Related issue
https://github.com/longhorn/longhorn/issues/1895
Longhorn v1.1.1 handles the error during snapshot purge better and reports to Longhorn-manager.
Scenario-1
- Create a volume with 3 replicas and attach to a pod.
- Write some data into the volume and take a snapshot.
- Delete a replica that will result in creating a system generated snapshot.
- Wait for replica to finish and take another snapshot.
- ssh into a node and resize the latest snapshot. (e.g
dd if=/dev/urandom count=50 bs=1M of=<SNAPSHOT-NAME>.img) - Trigger snapshot purge by delete the oldest snapshot.

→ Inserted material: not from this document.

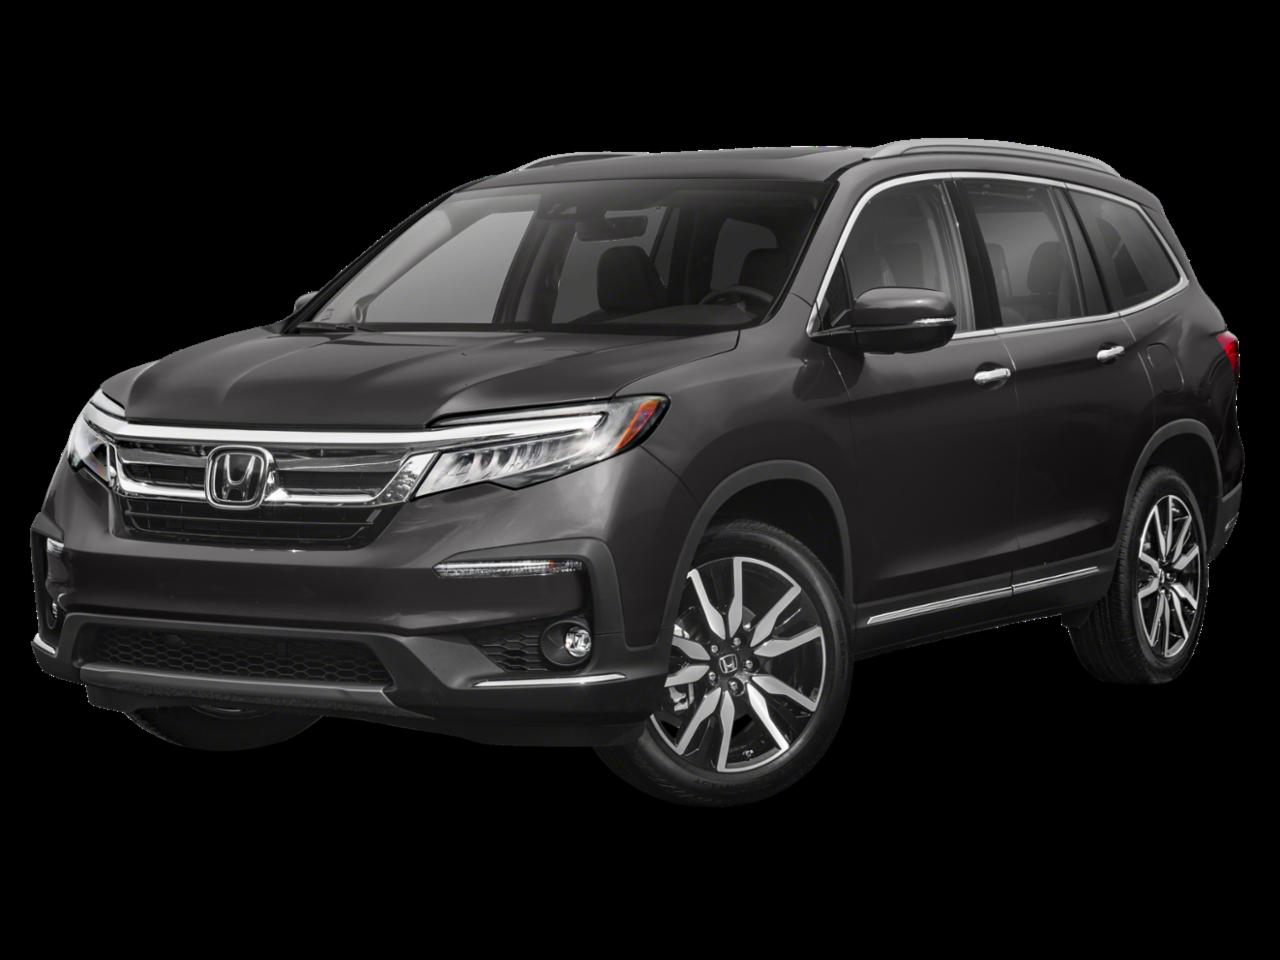 2020 Honda Pilot Elite SUV

- Verify the replica (on the node from step 5) shows error
file sizes are not equal and the parent file is larger than the child fileand starts to rebuild.
Scenario-2
- Create a volume with 3 replicas and attach to a pod.
- Write some data into the volume and take two snapshots.
- Delete a replica that will result in creating a system generated snapshot.
- While the rebuilding is in progress, delete a snapshot to trigger SnapshotPurge.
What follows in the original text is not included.